Genome-wide association study of REM sleep behavior disorder identifies polygenic risk and brain expression effects.
Krohn L., Heilbron K., Blauwendraat C., Reynolds RH., Yu E., Senkevich K., Rudakou U., Estiar MA., Gustavsson EK., Brolin K., Ruskey JA., Freeman K., Asayesh F., Chia R., Arnulf I., Hu MTM., Montplaisir JY., Gagnon J-F., Desautels A., Dauvilliers Y., Gigli GL., Valente M., Janes F., Bernardini A., Högl B., Stefani A., Ibrahim A., Šonka K., Kemlink D., Oertel W., Janzen A., Plazzi G., Biscarini F., Antelmi E., Figorilli M., Puligheddu M., Mollenhauer B., Trenkwalder C., Sixel-Döring F., Cochen De Cock V., Monaca CC., Heidbreder A., Ferini-Strambi L., Dijkstra F., Viaene M., Abril B., Boeve BF., 23andMe Research Team None., Scholz SW., Ryten M., Bandres-Ciga S., Noyce A., Cannon P., Pihlstrøm L., Nalls MA., Singleton AB., Rouleau GA., Postuma RB., Gan-Or Z.
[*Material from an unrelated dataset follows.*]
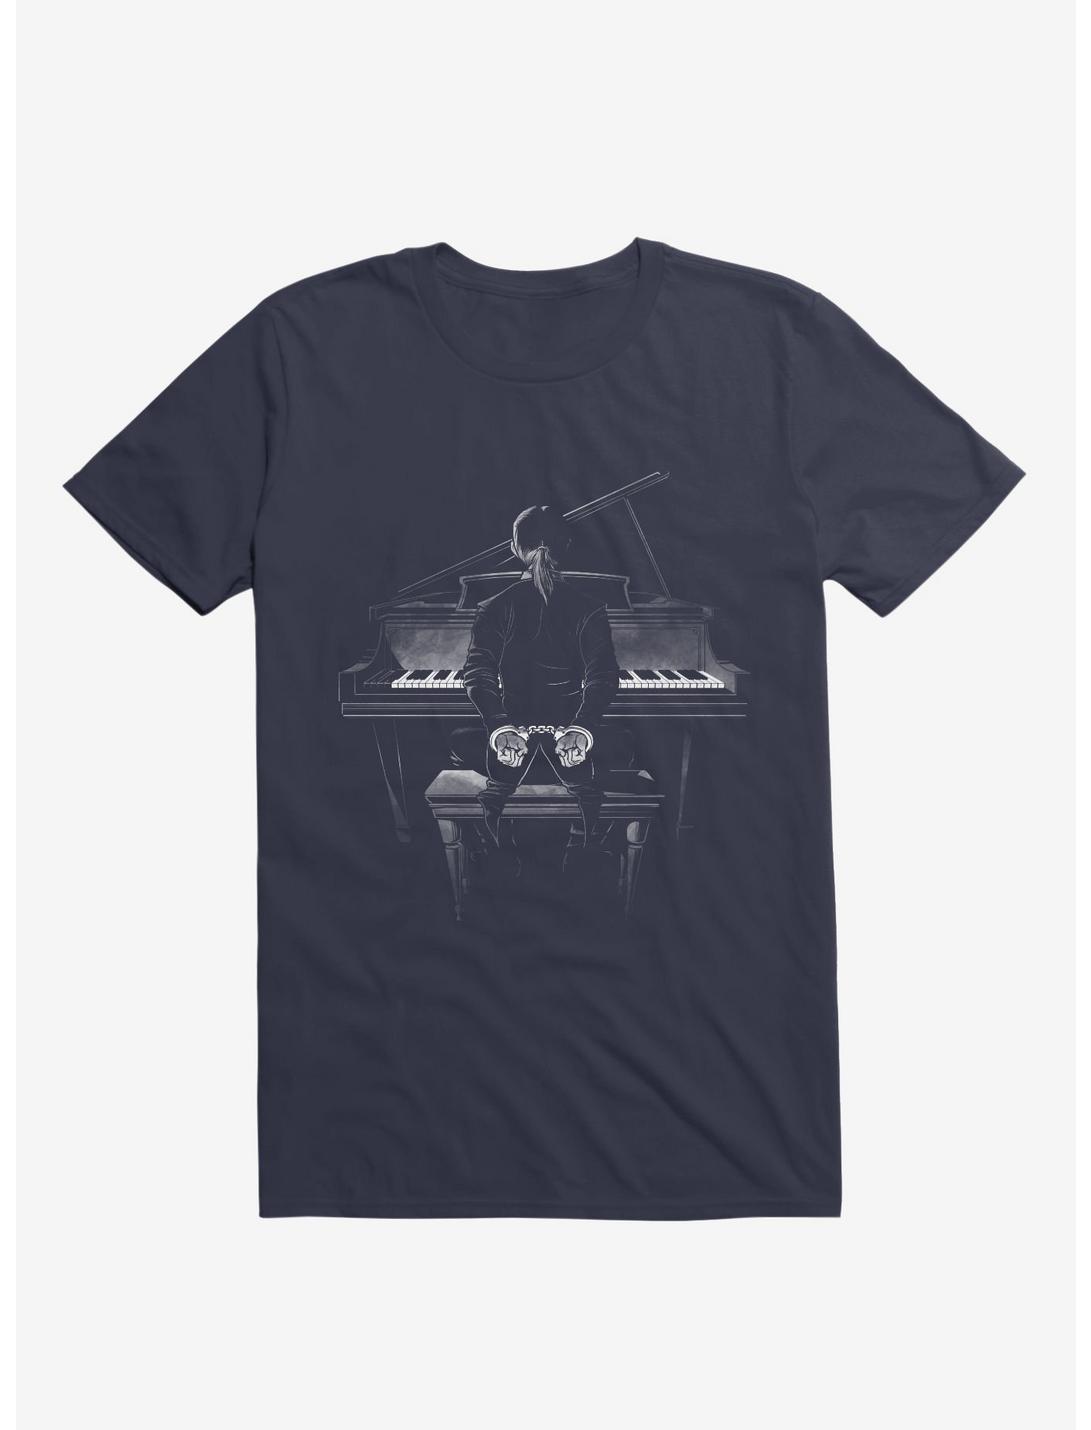 Locked Piano Key T-Shirt, NAVY, hi-res

Rapid-eye movement (REM) sleep behavior disorder (RBD), enactment of dreams during REM sleep, is an early clinical symptom of alpha-synucleinopathies and defines a more severe subtype. The genetic background of RBD and its underlying mechanisms are not well understood. Here, we perform a genome-wide association study of RBD, identifying five RBD risk loci near SNCA, GBA, TMEM175, INPP5F, and SCARB2. Expression analyses highlight SNCA-AS1 and potentially SCARB2 differential expression in different brain regions in RBD, with SNCA-AS1 further supported by colocalization analyses. Polygenic risk score, pathway analysis, and genetic correlations provide further insights into RBD genetics, highlighting RBD as a unique alpha-synucleinopathy subpopulation that will allow future early intervention.